=== TASK BRIEF ===
Using the records below, write out only the lines from the line containing "Отзывы о Детском" up to and including the line containing "Na imagem, temos", exactly, with no pictures.

=== DATA LISTING ===
------------
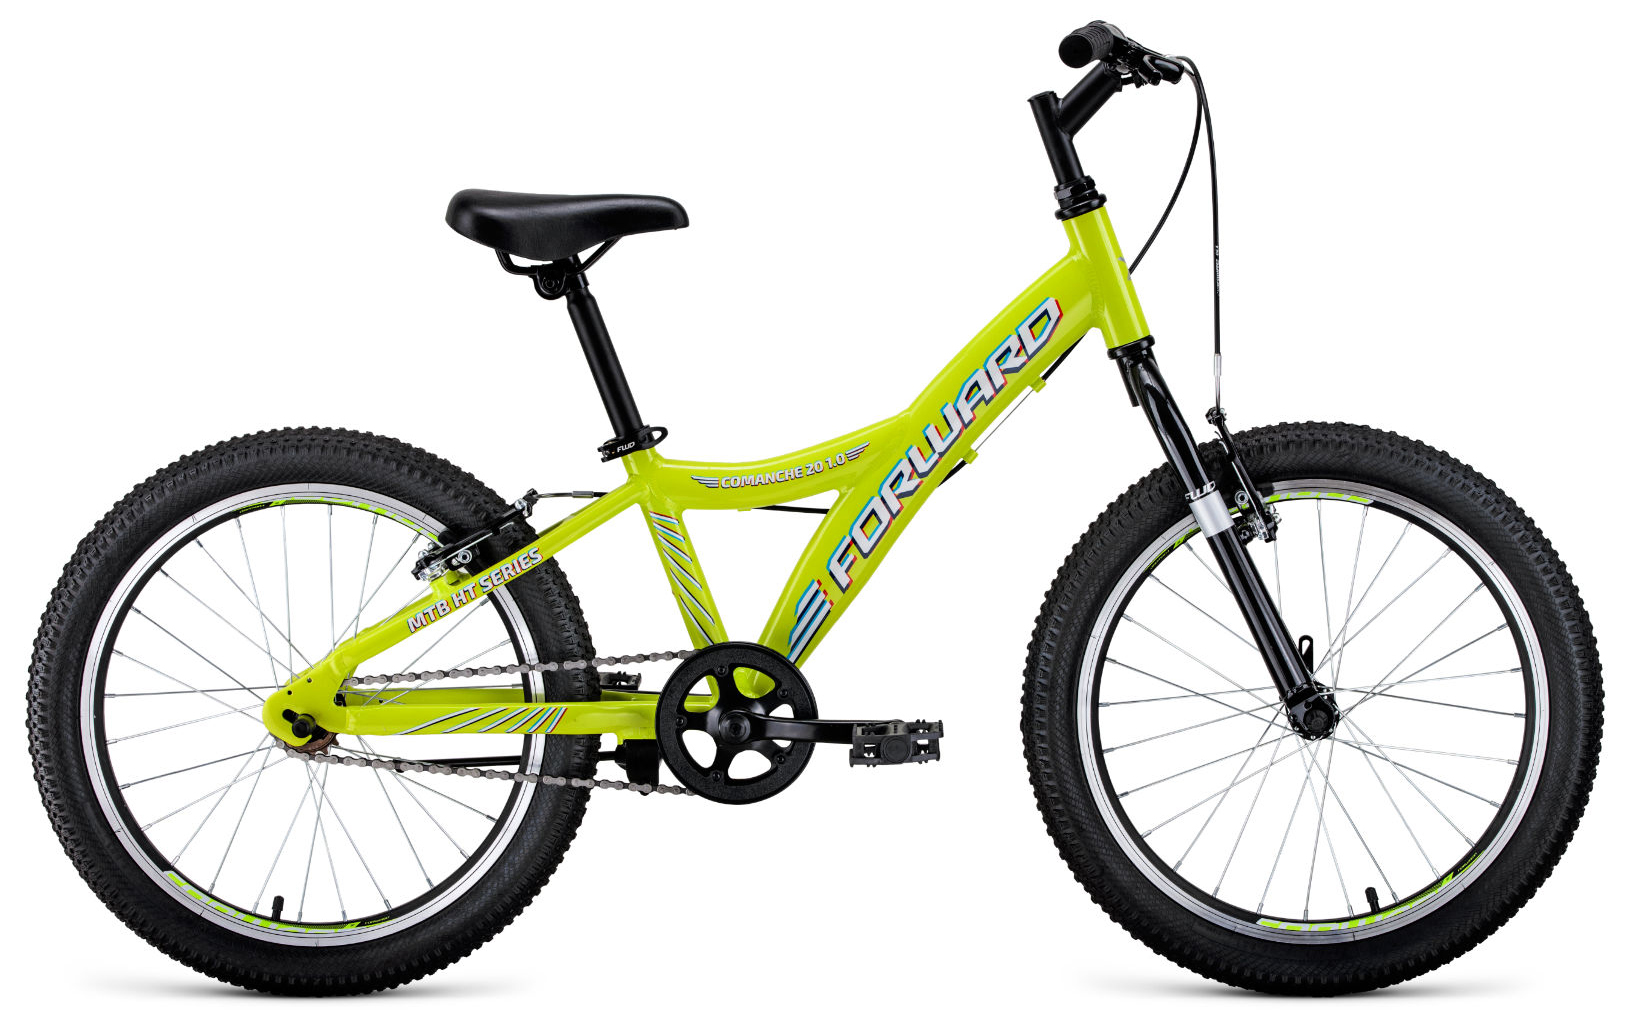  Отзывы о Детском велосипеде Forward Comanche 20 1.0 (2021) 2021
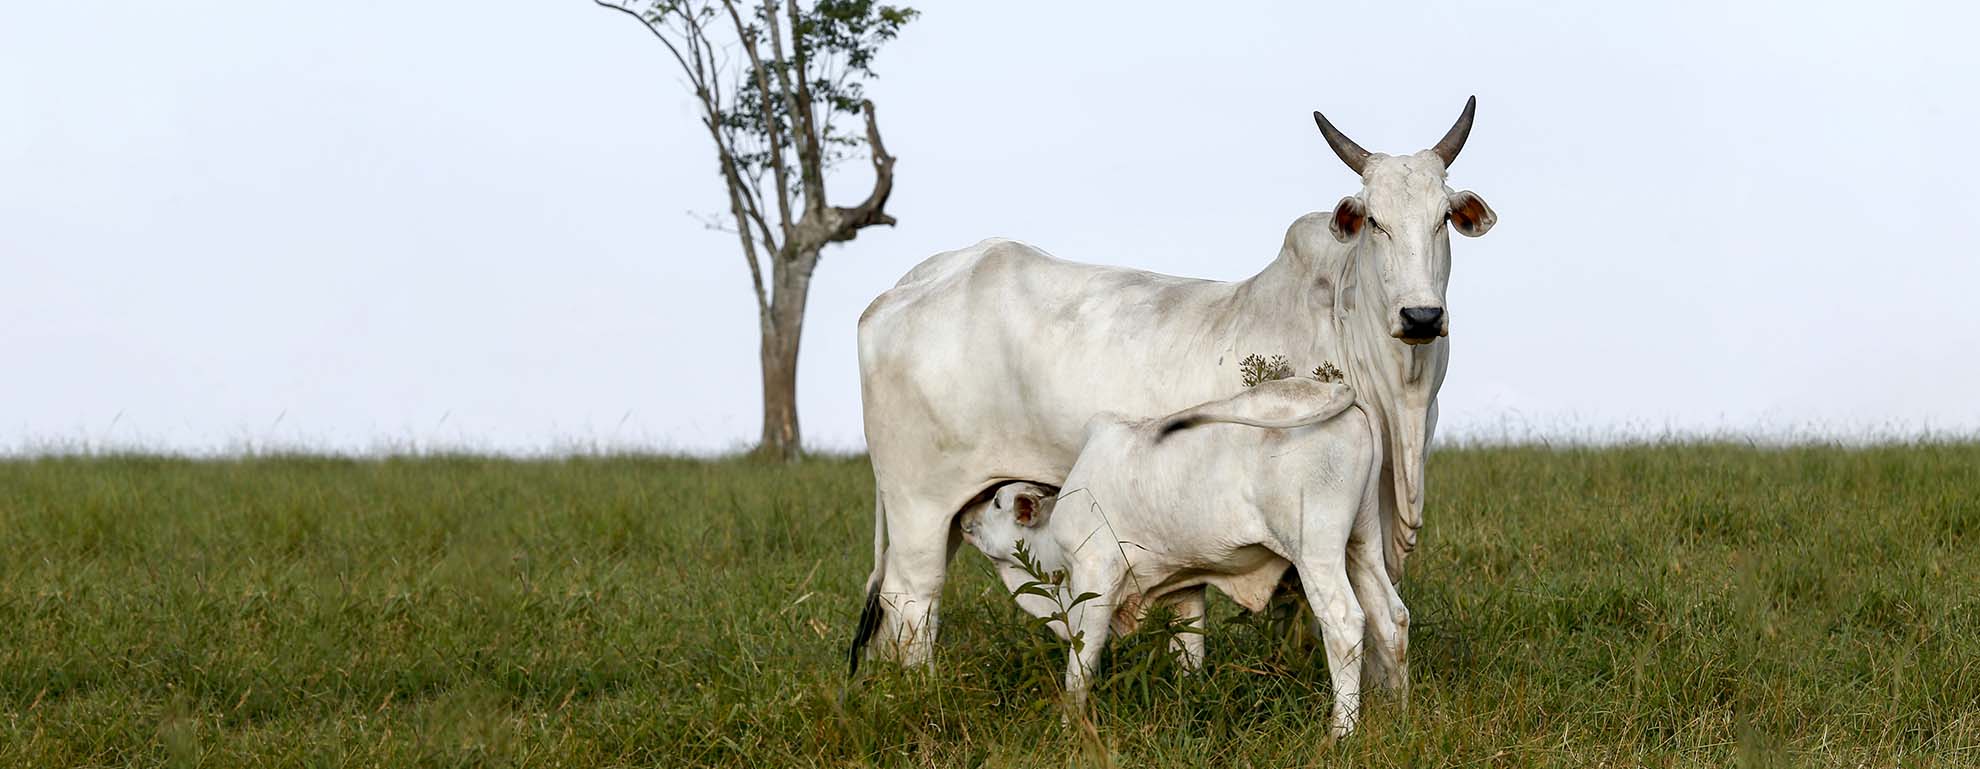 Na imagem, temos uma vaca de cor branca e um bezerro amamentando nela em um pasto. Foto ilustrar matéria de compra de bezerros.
------------
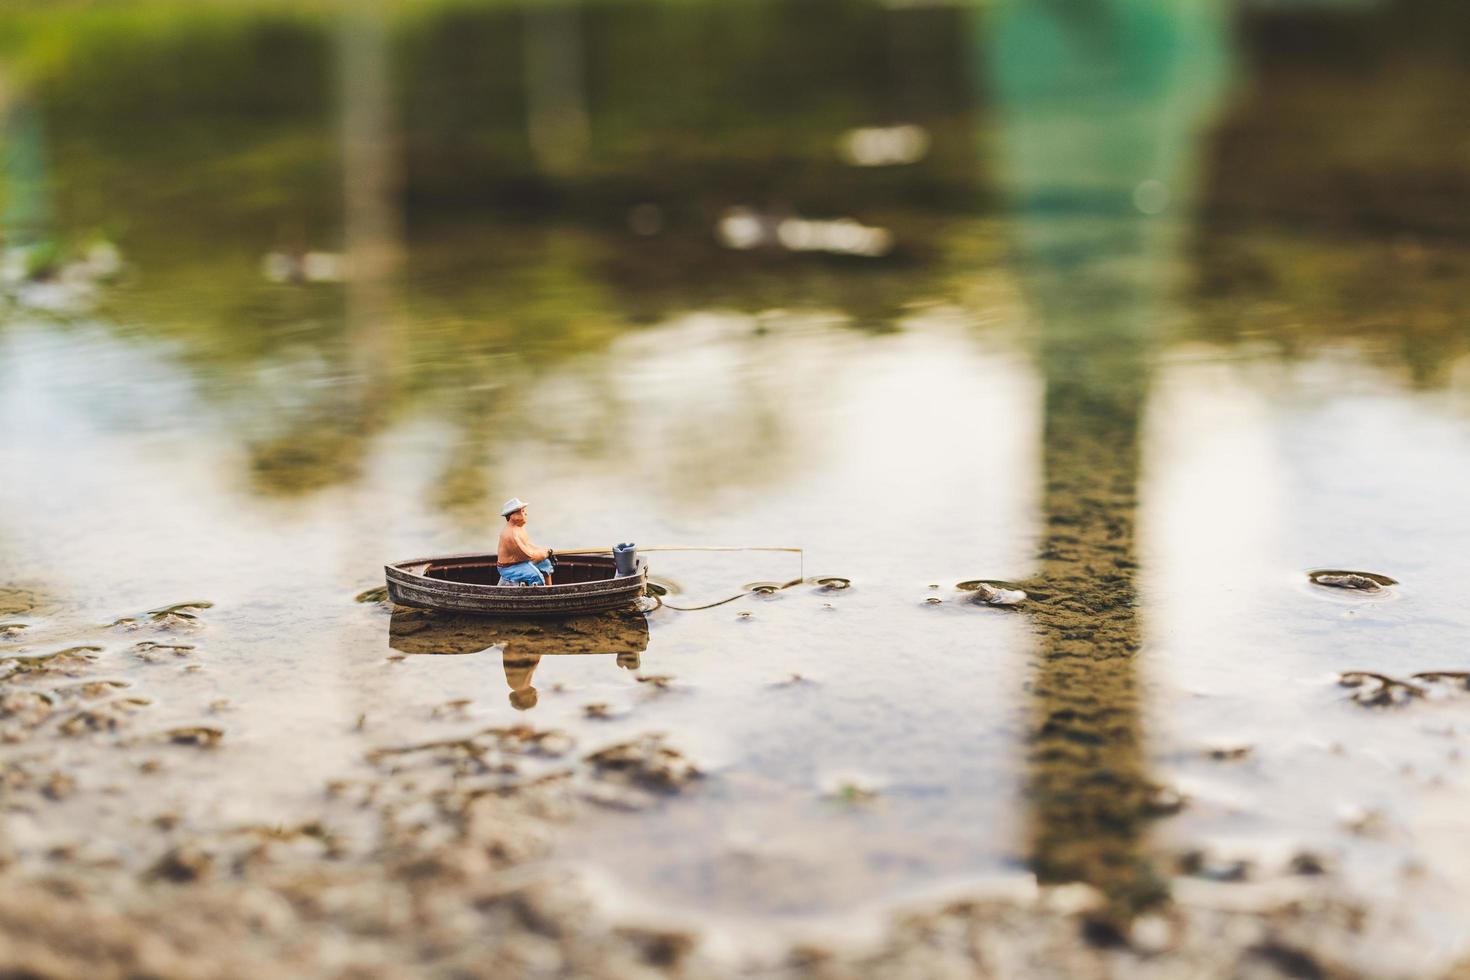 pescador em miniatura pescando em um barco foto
------------
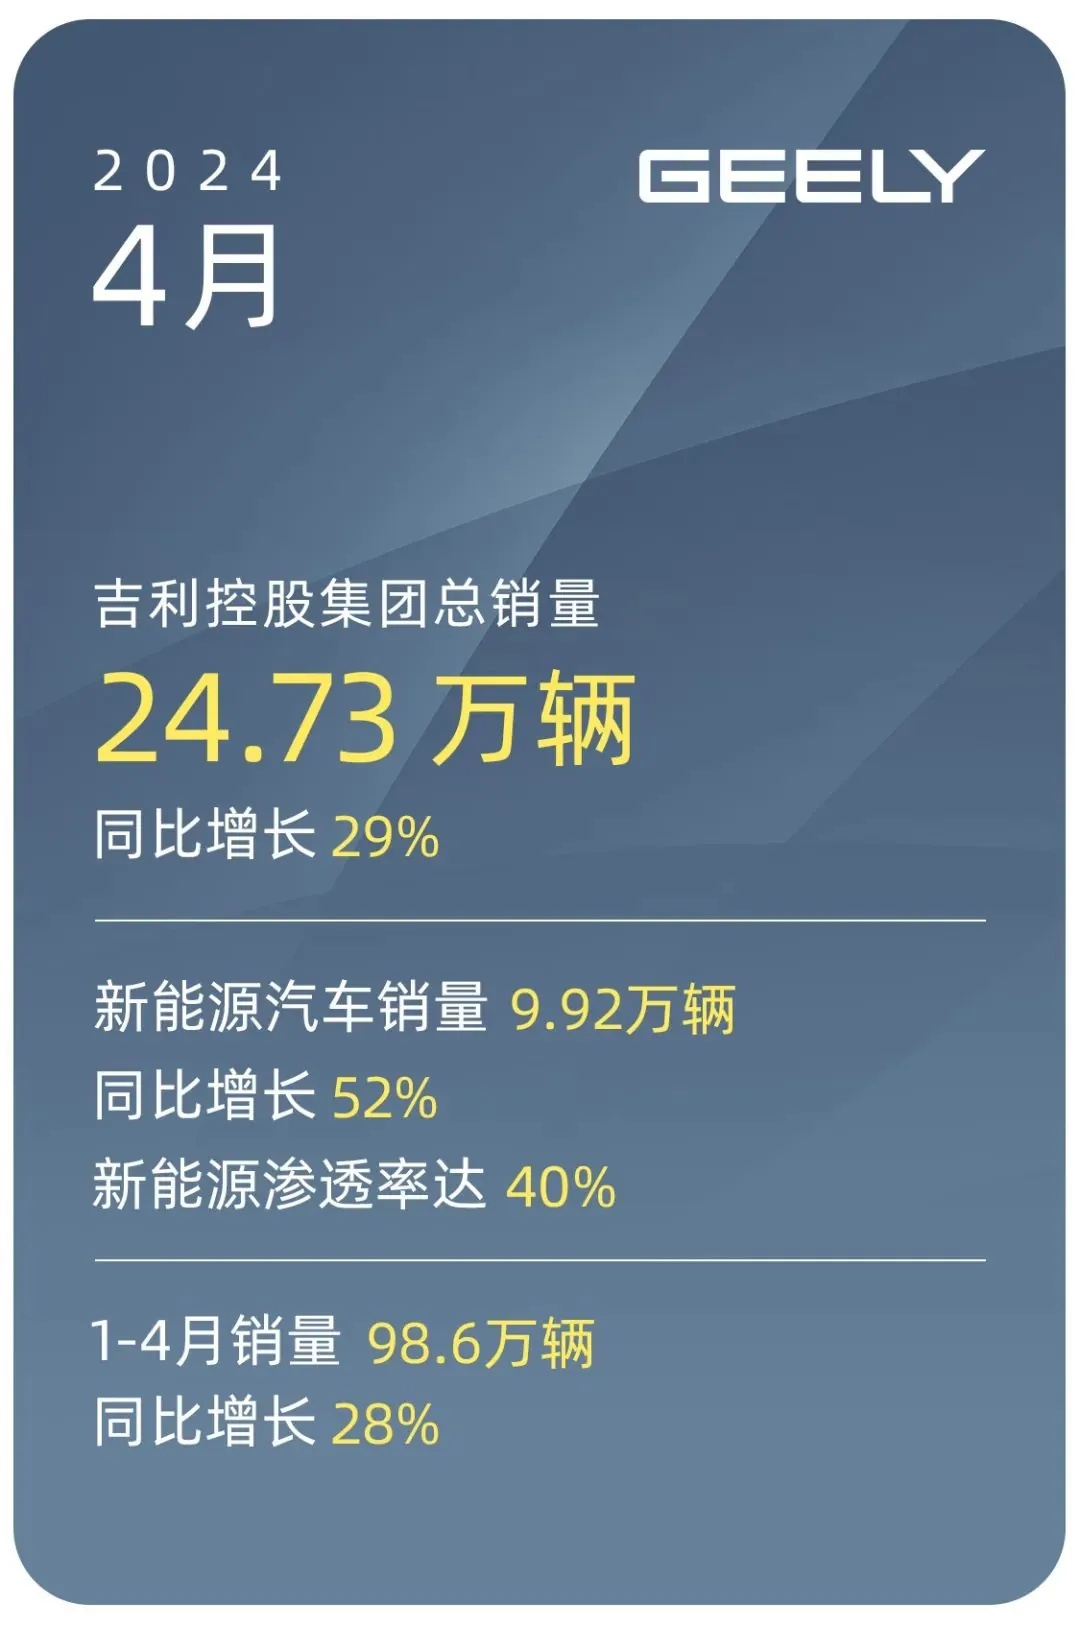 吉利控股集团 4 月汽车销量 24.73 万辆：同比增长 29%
------------
=== EXPECTED ANSWER ===
  Отзывы о Детском велосипеде Forward Comanche 20 1.0 (2021) 2021
 Na imagem, temos uma vaca de cor branca e um bezerro amamentando nela em um pasto. Foto ilustrar matéria de compra de bezerros.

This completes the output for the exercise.